On Feb. 3, financial reporting took a giant step into the future with the Securities & Exchange Commission's announcement that it's ready to start accepting corporate financial reports that have been tagged with newly developed software code known as XBRL.

That jumble of letters stands for Extensible Business Reporting Language. Software developers will easily grasp that it's a kind of XML (Extensible Markup Language), in this case tailored for business reporting. But to most financial professionals, XBRL represents a confusing new intersection of high tech and finance that they aren't quite ready to embrace.

For the uninitiated, the easiest way to understand XBRL's purpose is by comparing it to the humble bar code, which can track a can of soup from the manufacturing plant through the point of sale. Similarly, XBRL tags financial information so it, too, can be tracked, from the first interactions with vendors, to reports submitted to various operating divisions within a company, and finally to become part of a consolidated earnings release. "XBRL will really facilitate the flow of business information" from public companies to analysts and regulators, says Mike Willis, a partner at PricewaterhouseCoopers and one of the programming language's architects.

THE FOUNDATION. Affixing a tag to each piece of data also makes it possible for software developers to create programs to analyze and manipulate financial data in new ways -- without requiring it to be keyed in as it moves from program to program. For example, investors will one day be able to visit a corporate Web site and in one click, create a spreadsheet populated with all of a company's financial records -- perhaps going back years.

Microsoft (MSFT), a pioneer in XBRL, already allows this with some key financial data. And on Jan. 25, Rivet Software announced a partnership where its "Dragon Tag" program to convert financial documents into XBRL would be offered to Edgar Online (EDGR) customers who could then use Edgar Online's "I-metrics" suite of XBRL tools to analyze and compare companies.

These early efforts are just the start. Eventually, XBRL will be the foundation for a whole new generation of financially oriented Web services that will make it easier for regulators to check for problems in financial data, executives to compare their company to competitors, and analysts to identify the best-performing stocks.

NOT GETTING IT. In the Feb. 3 announcement, SEC Chairman William Donaldson said the initiative was part of a broader effort to "improve the quality of information available to investors and the marketplace." Like many SEC voluntary programs, it's likely to become mandatory if it's successful.

For companies, XBRL should lead to having financial information more widely distributed and easily understood. "Everybody will do less with the mechanics of the data and do more analysis of the data," says Liv Watson, vice-president for XBRL strategy at Edgar Online and chairman of a task force developing international standards for XBRL.

The only problem is that most companies don't quite buy it yet. "From practitioners I'm still hearing the same message about XBRL," says Philip Livingston, vice-chairman of software company Approva and former chief executive of Financial Executives International, a trade group for corporate financial officers. "They say, 'I still don't quite understand exactly what it is and what it's going to do for my company.'"

SLOW BIRTH. Another wrinkle: Companies in the business of collecting and distributing financial data may face serious competition when XBRL-based applications become available.
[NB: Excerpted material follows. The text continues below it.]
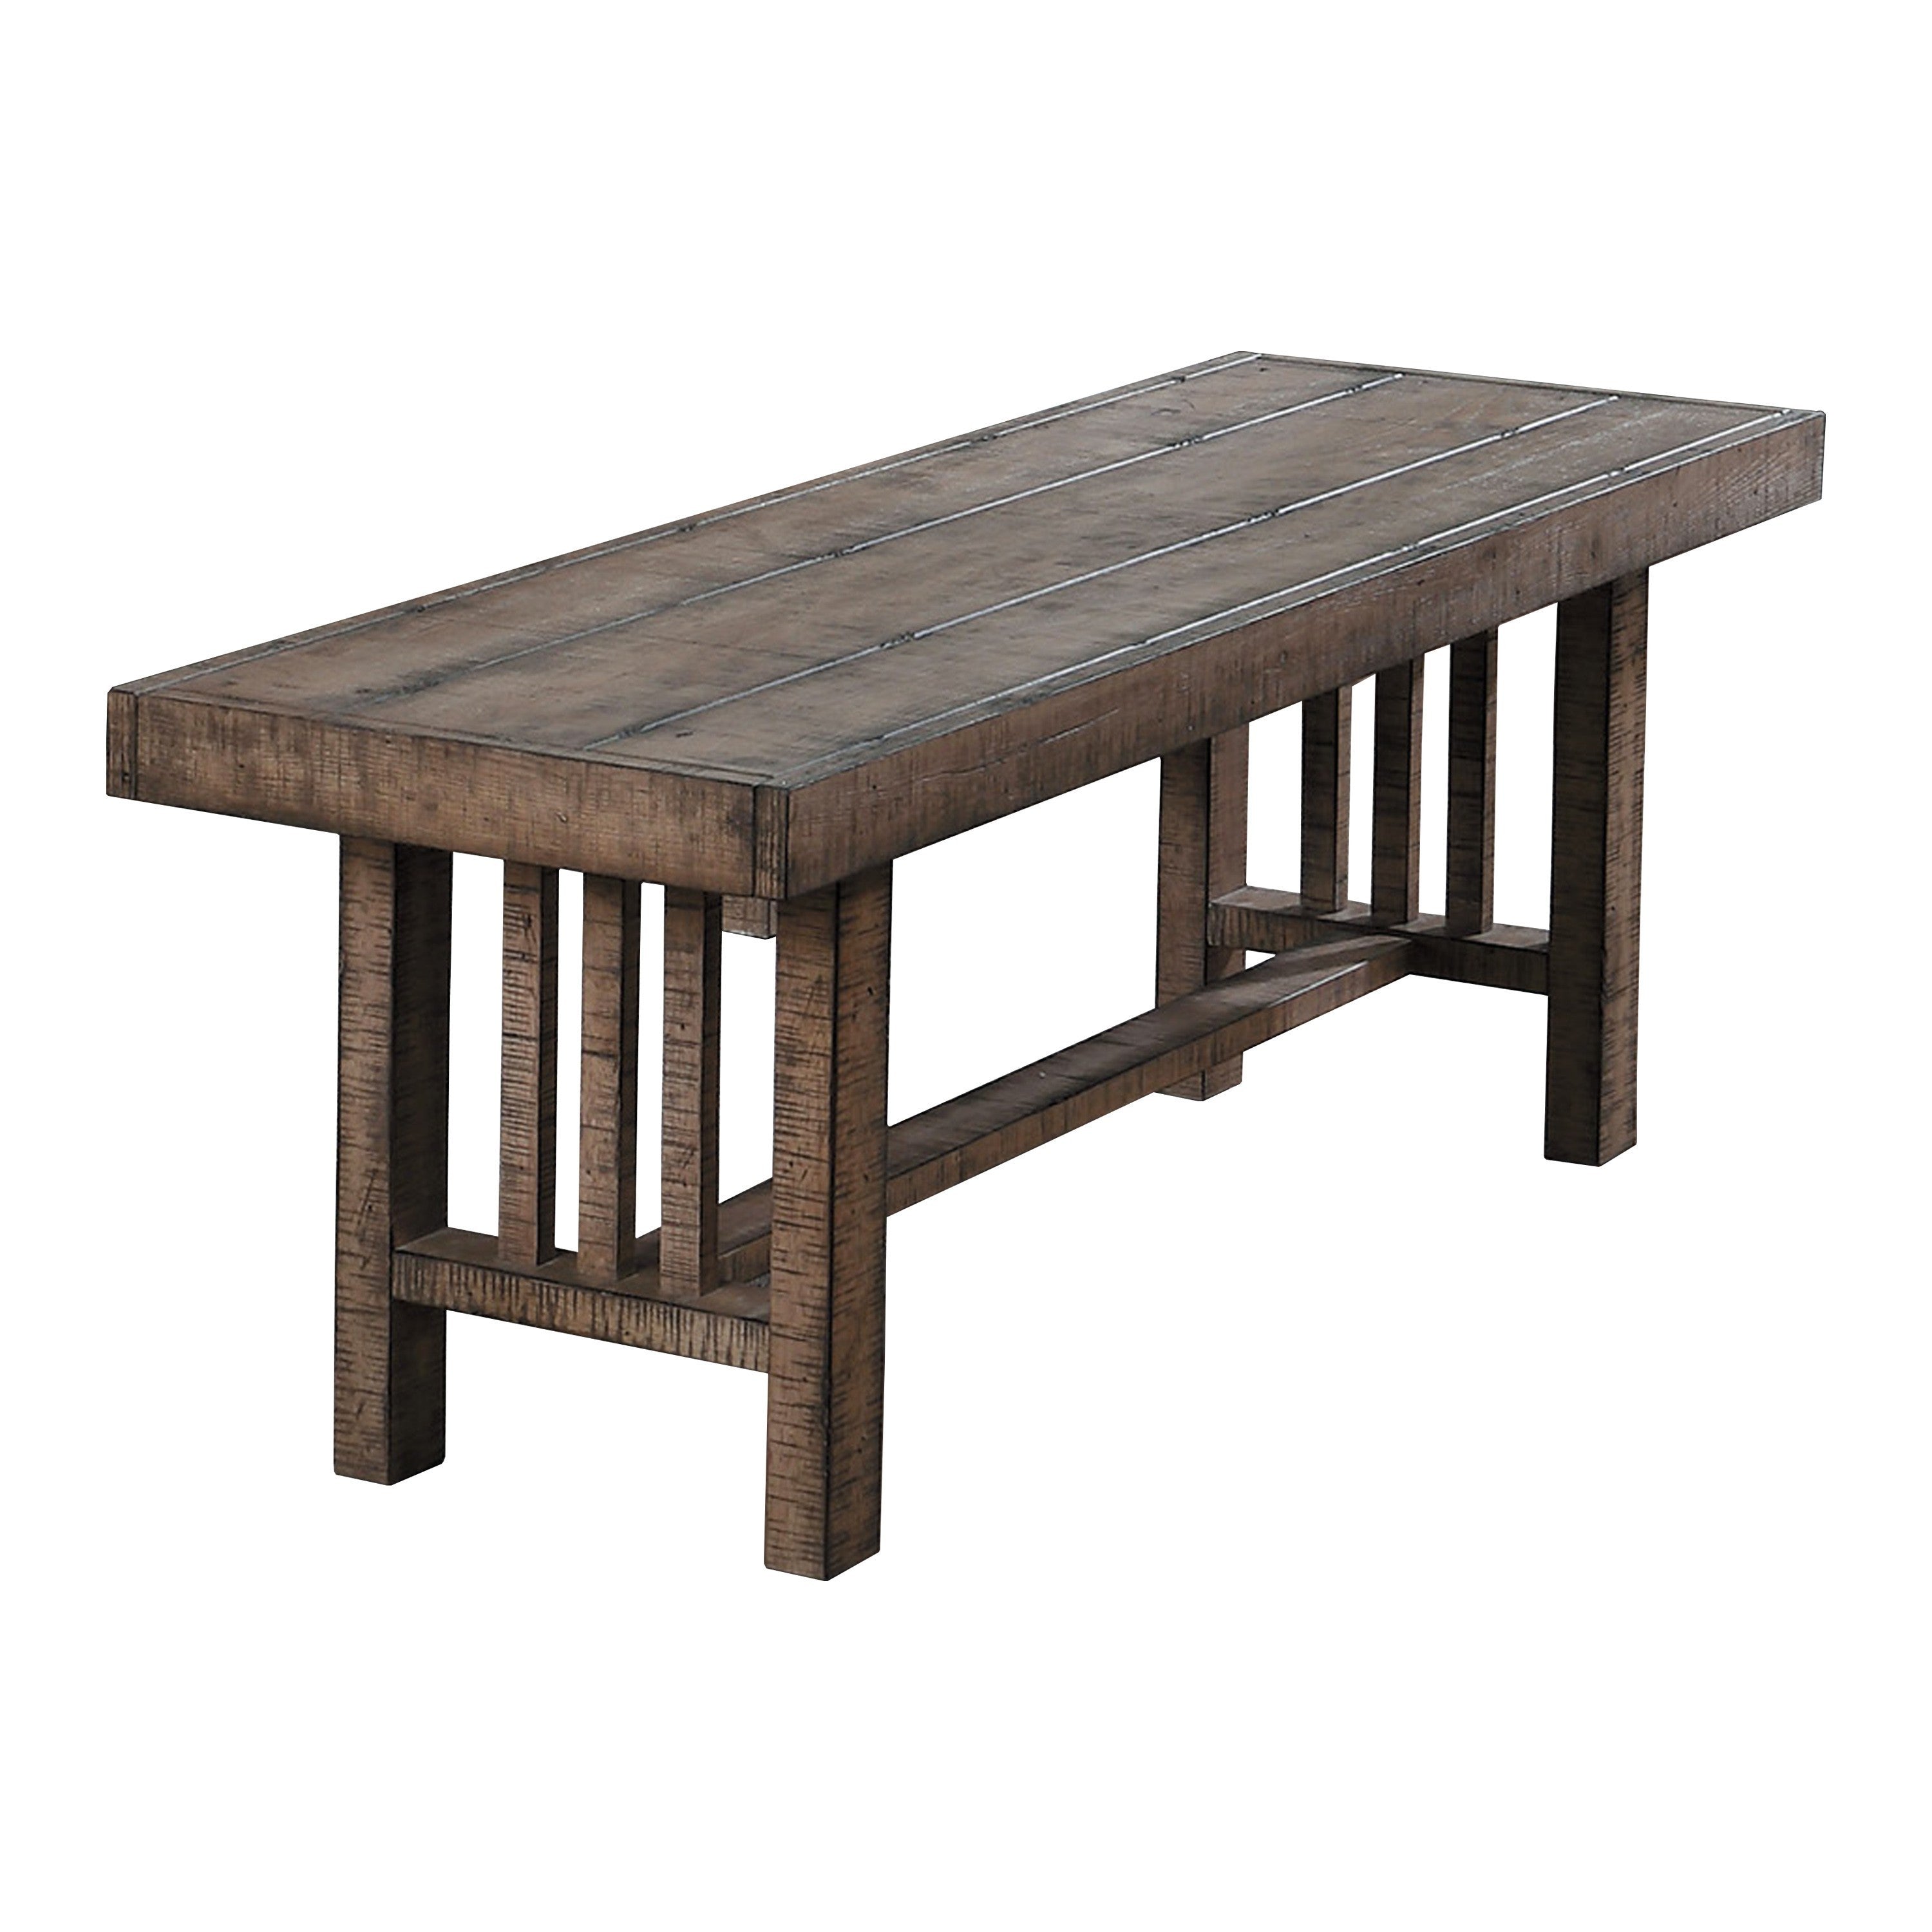 Rustic Design Bench Distressed Light Brown Finish Wooden Dining Furniture

Information providers such as Standard & Poor's Compustat (a division of The McGraw-Hill Companies [MHP

], parent of BusinessWeek Online), Thomson Financial, and Bloomberg may find their business models threatened unless they can adapt in the way Edgar Online is trying to do now.

What's stopping many companies from embracing XBRL is that it has been talked about for years now, without seeming to gather much momentum. The technology was developed in 1999, but the big hurdle was getting companies to agree on the common language for how to tag financial data.

Watson remembers sitting around a table of the first meeting to develop XBRL tags more than four years ago and guessing it would take a year to create the so-called taxonomies. "Standardizing isn't so much a tech issue as it is a people issue," she says. The challenge was "getting people around the world to come together, sit at a table with competitors, and develop something that's good for marketplace."

SURPRISE COMING? Only in the last three to six months have the taxonomies for the bulk of companies become available, says Willis. Now 90% of companies are covered, while extensions of XBRL for specific industries, like oil or banking, are still being developed.

Today many corporate financial officers say XBRL is pretty far down the list of priorities -- after more pressing challenges like complying with Sarbanes-Oxley and other corporate-governance reform measures, says Livingston. But the SEC's announcement should serve as a wake-up call. If 20 to 50 companies were to voluntarily submit reports tagged with XBRL in 2005, the new standard would be well on its way to full adoption, he believes.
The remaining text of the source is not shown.